• [Work order]
In your copy of the data, keep every word exact and include no pictures.

• [Stored data]
=== Section Start ===
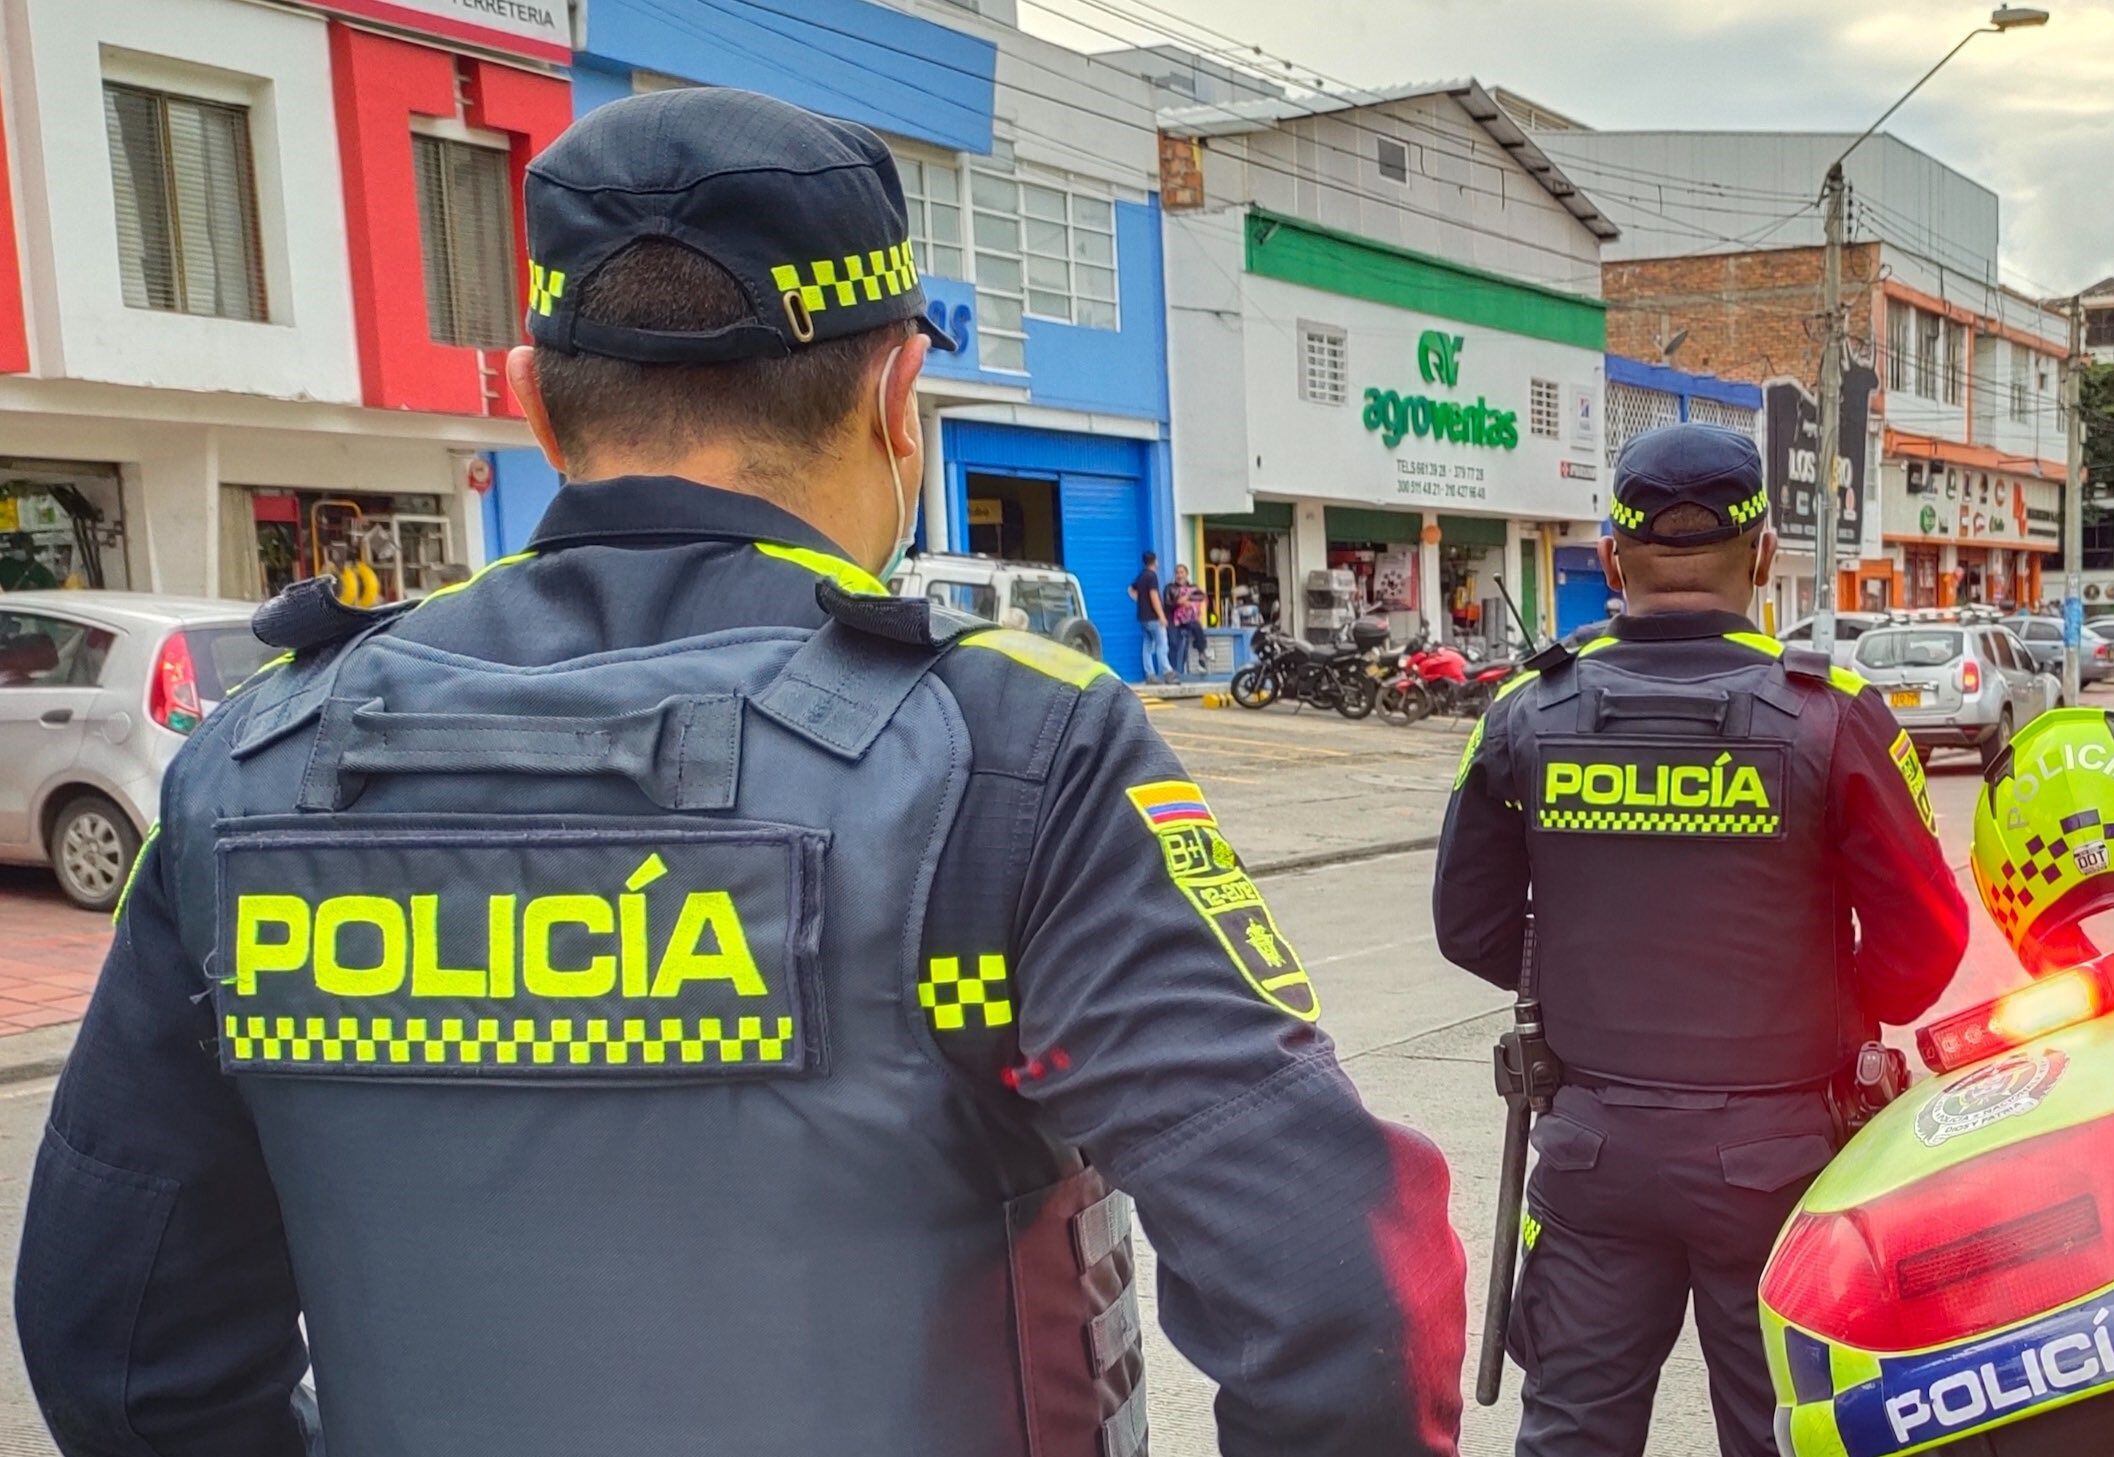 Cuatro agentes de policía fueron  detenidos por su presunta implicación en el asesinato de Cristian Herrera Zúñiga, tras actos de tortura en una estación policial - crédito Policía Nacional de Colombia 
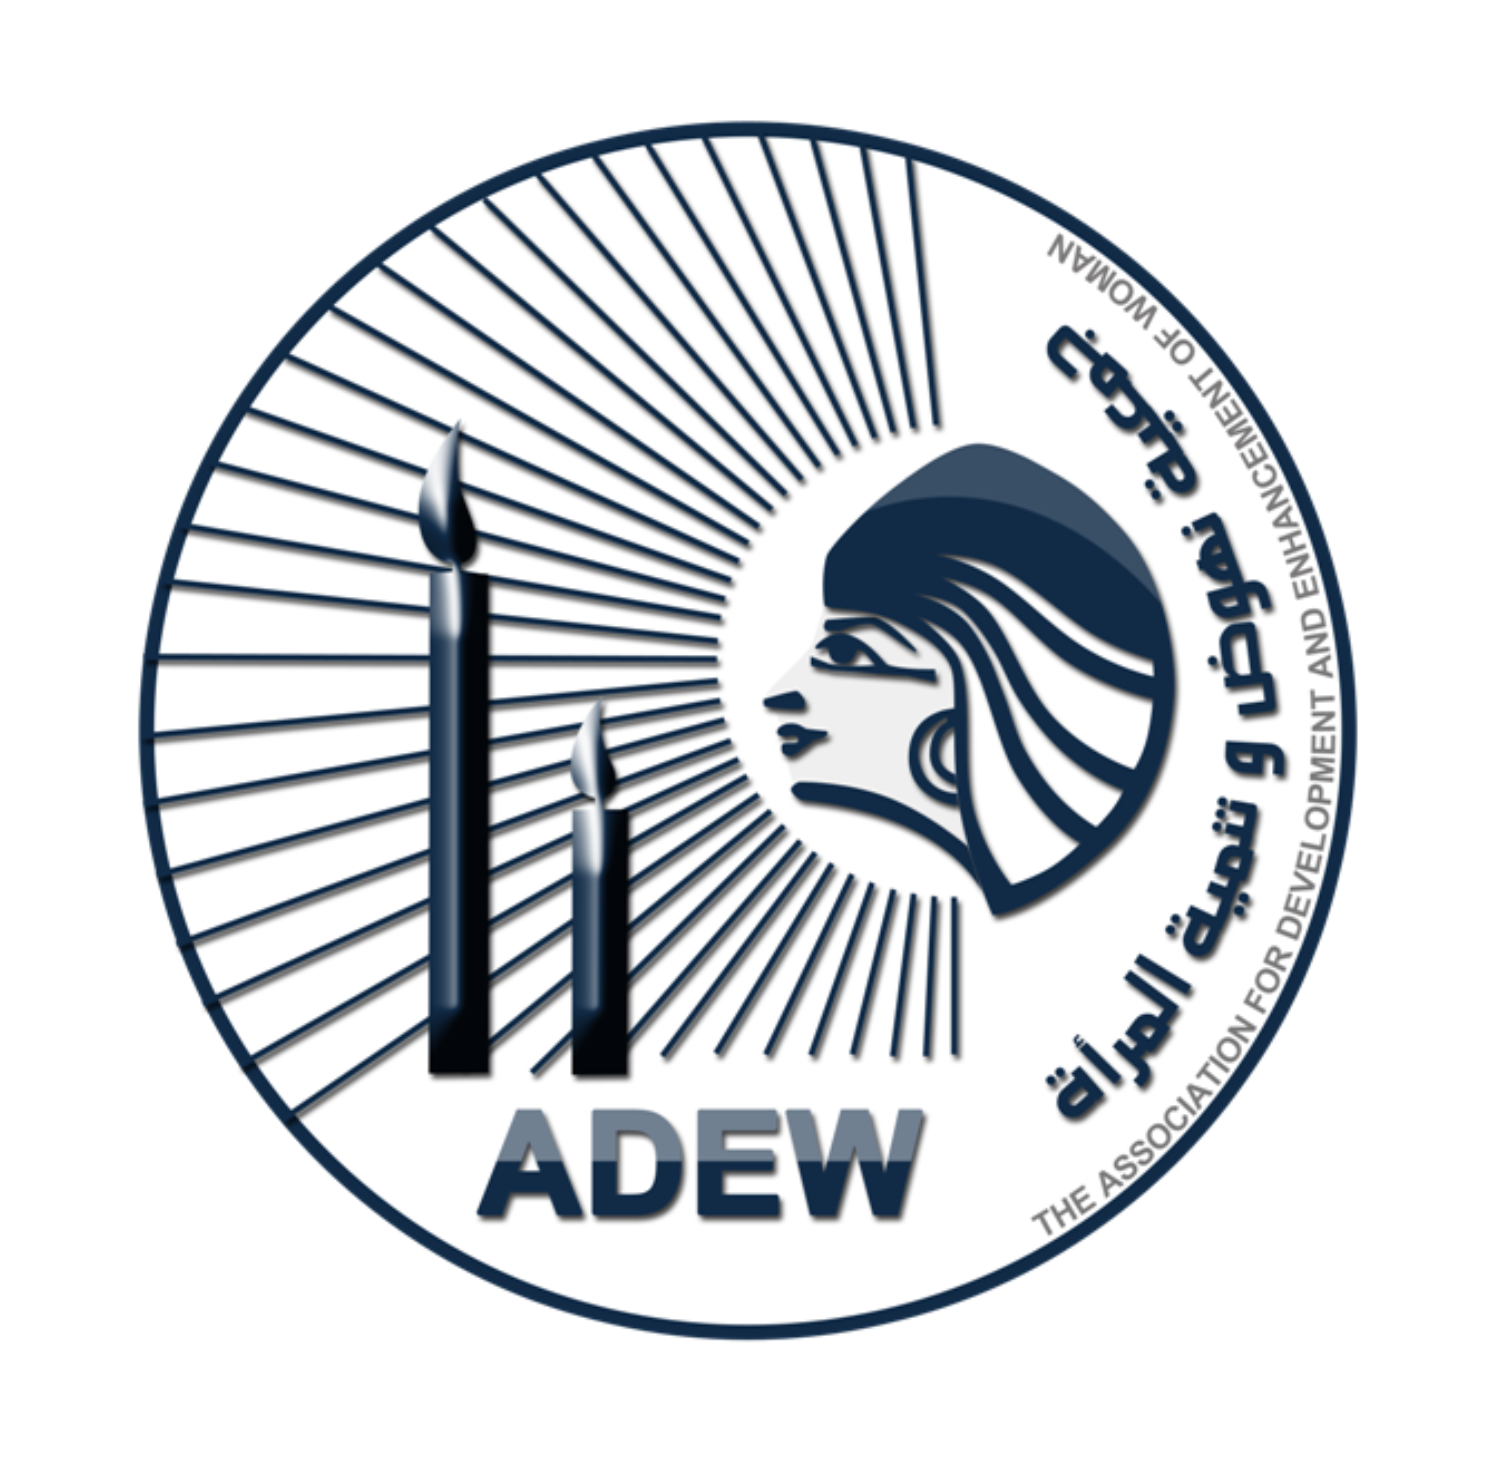 The Association for the Development & Enhancement of Women (ADEW)
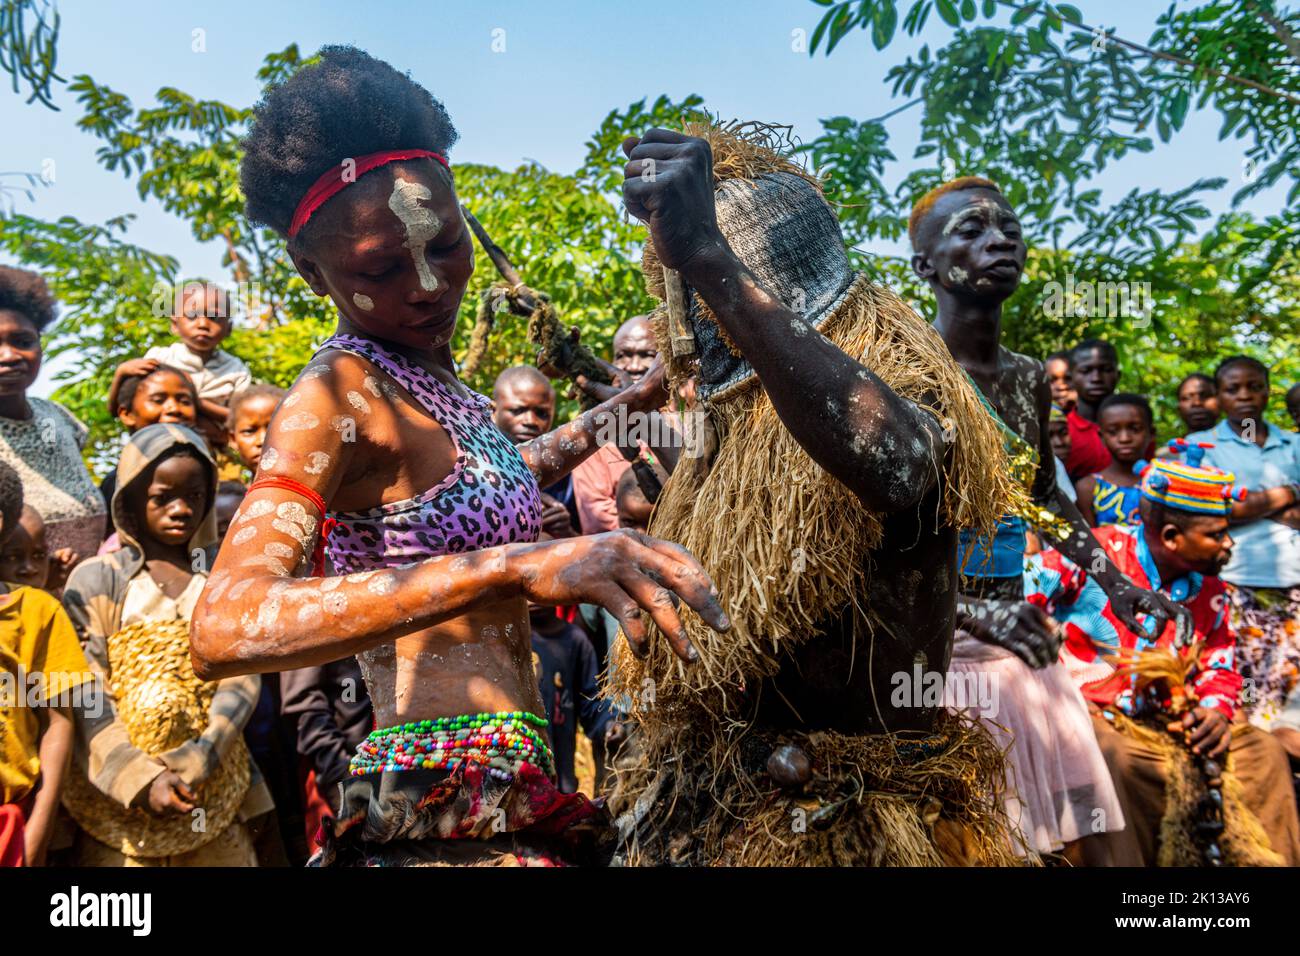 Tribu yaka que practica una danza ritual, Mbandane, República Democrática del Congo, África Foto de stock
=== Section End ===
• [Exercise response]
 Cuatro agentes de policía fueron  detenidos por su presunta implicación en el asesinato de Cristian Herrera Zúñiga, tras actos de tortura en una estación policial - crédito Policía Nacional de Colombia 
 The Association for the Development & Enhancement of Women (ADEW)
 Tribu yaka que practica una danza ritual, Mbandane, República Democrática del Congo, África Foto de stock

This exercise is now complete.